Я подал ей газету, она отстранила ее.
— Читала, ну так что-ж? Тут сказано «господина». Если-бы он знал, что это вы, он бы не публиковал, а просто бы обратился к вам.
— Это, положим, правда, но все-же, значит, меня видел кто-то, не знающий лишь моей фамилии, и завтра на улице может меня опознать. Да и не в том дело, а в том, что это нечестно. Надо скорее все поправить. У вас сколько осталось денег?
— Сто семьд… сто сорок динаров. Чго-ж, вот берите все!
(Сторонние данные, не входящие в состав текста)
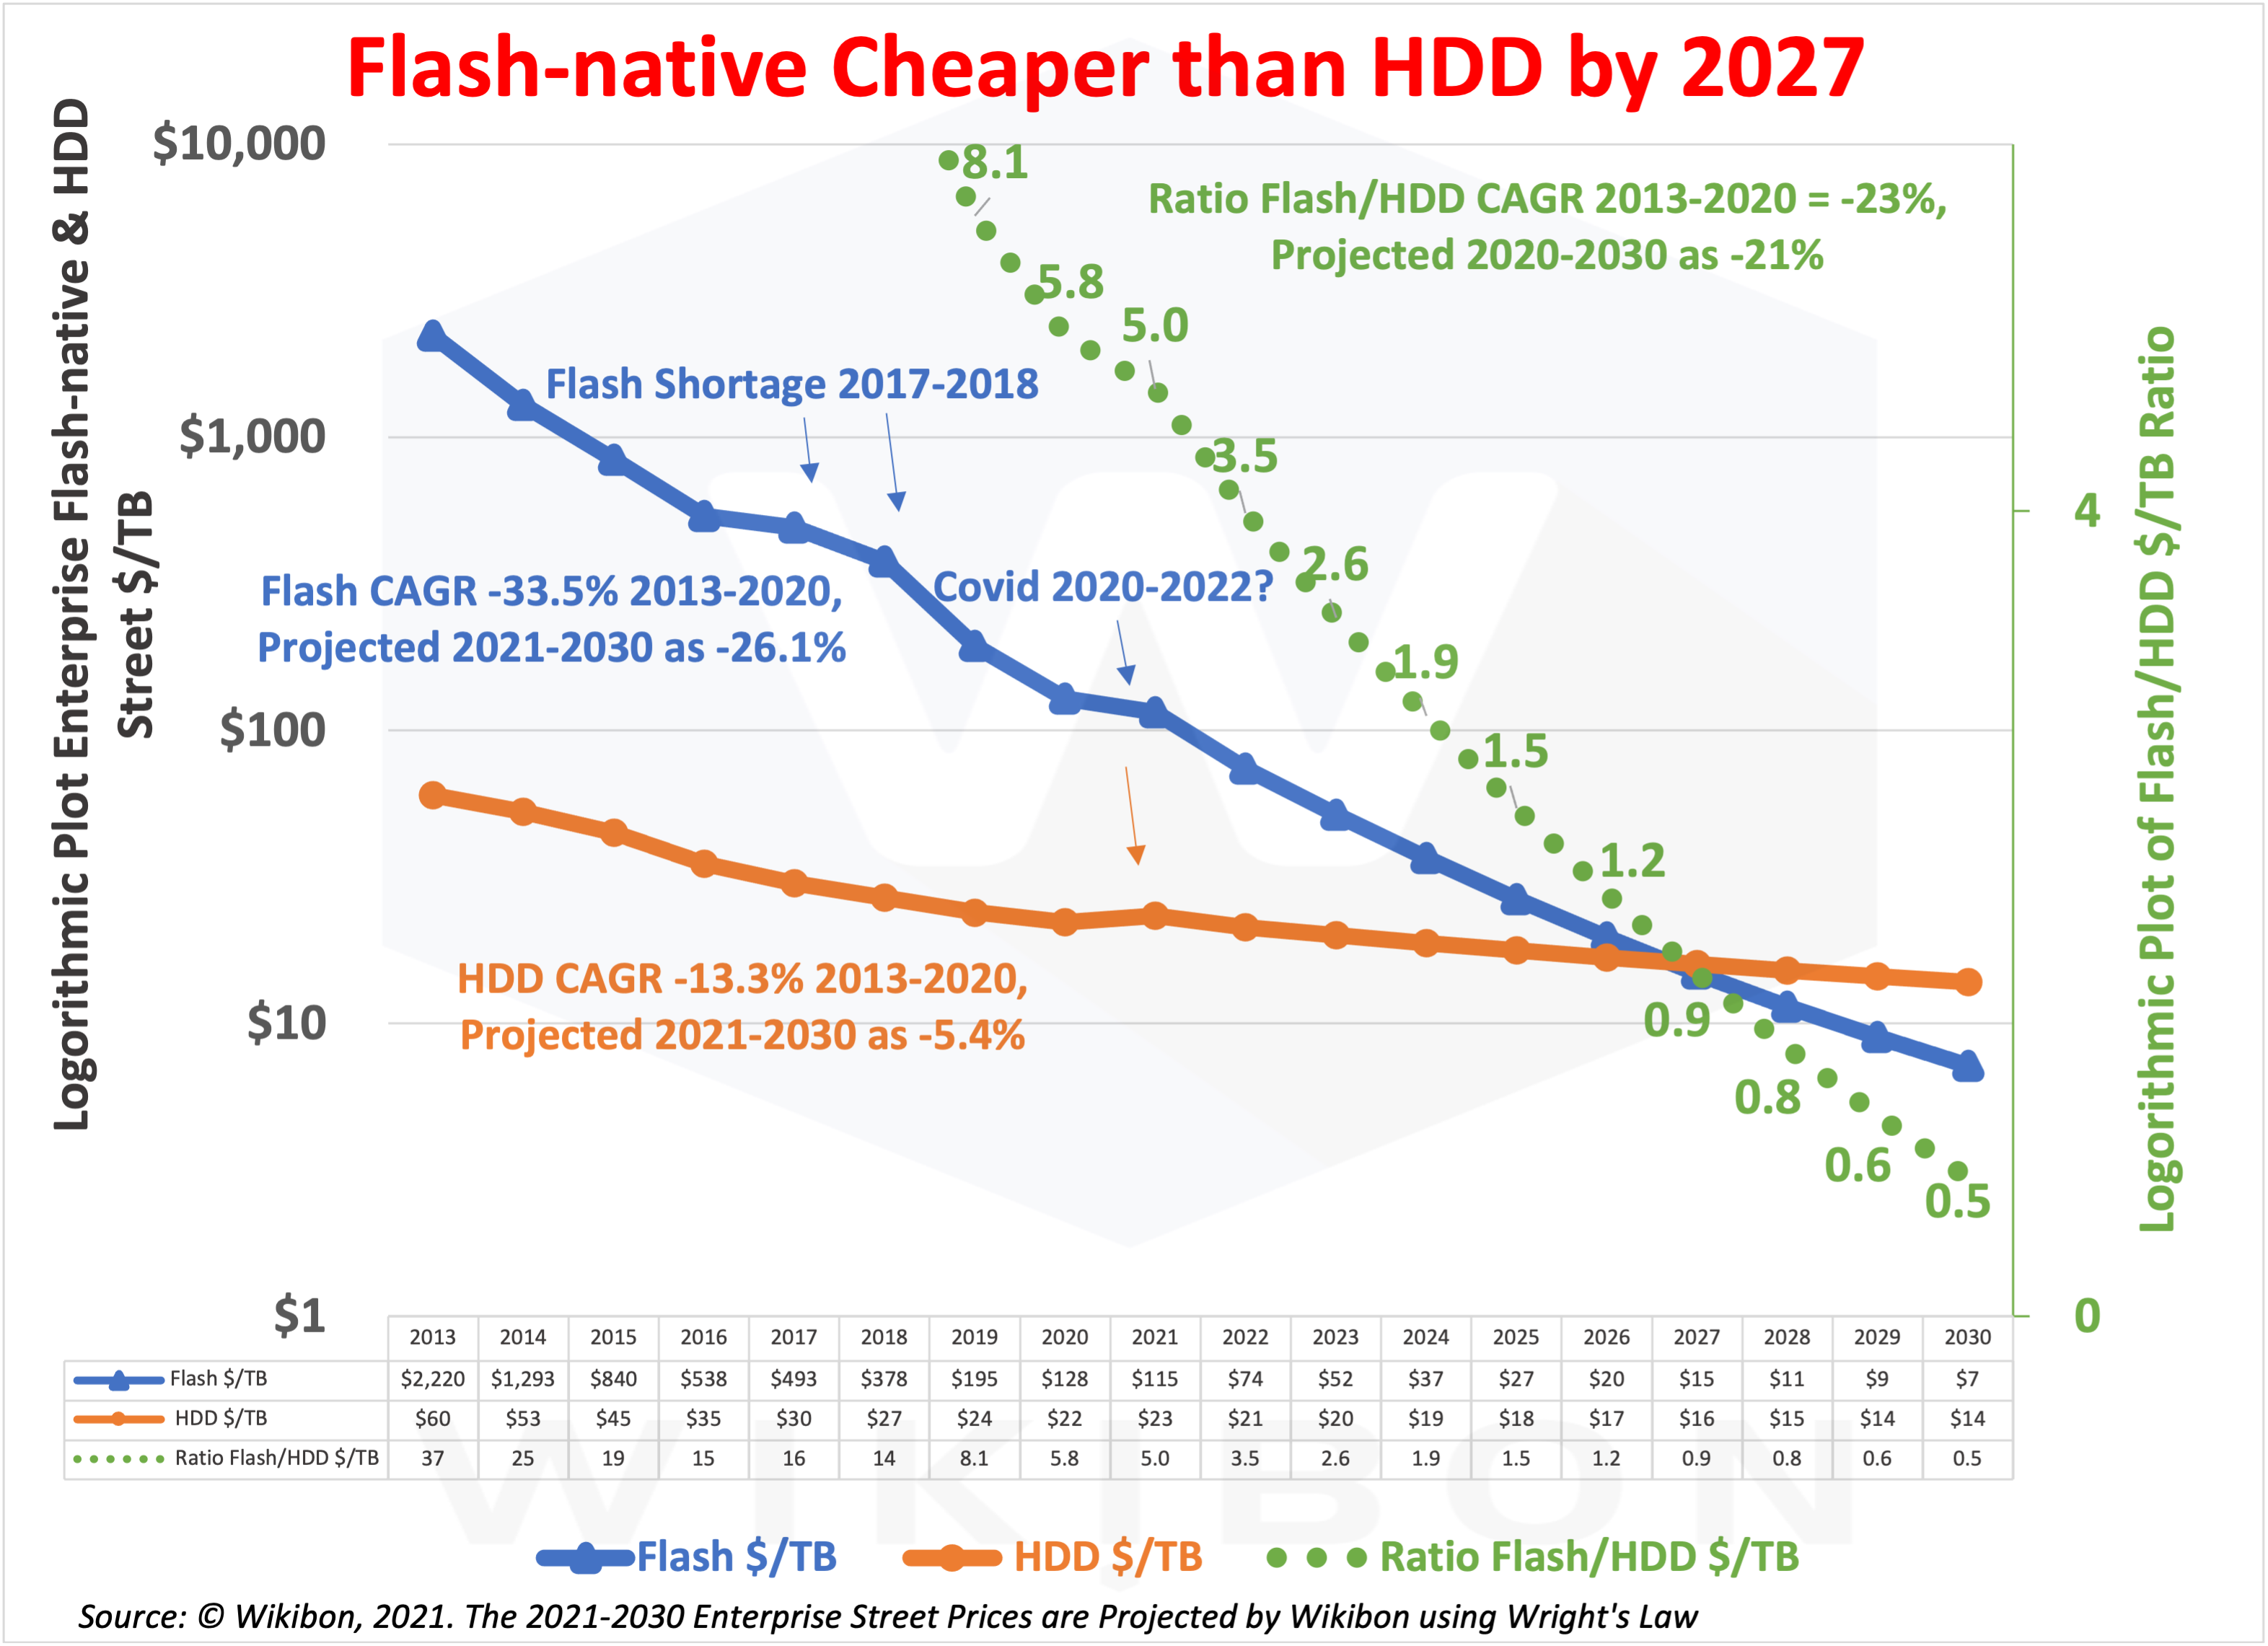 Log-Plot Flash, HDD, & Flash/HDD Ratio

Я очень хорошо видел, как она, вынимая, сунула на дно сумочки скомканные бумажки, но радостно ответил:
— И прекрасно. А я тогда же, в субботу, получил ссуду, и сто шестьдесят четыре динара у меня найдется. Я отдам все завтра Колотову, извинюсь, что поздно прочел объявление и не знал, куда вернуть бумажник. Дайте его сюда.
— У меня его нет.
— Как нет?
— Я испугалась и бросила его в пустыне… знаете, где спуск к Дунаю.
— И документы?
Она кивнула головой. Теперь я почувствовал, что краснею. Мною овладевал гнев.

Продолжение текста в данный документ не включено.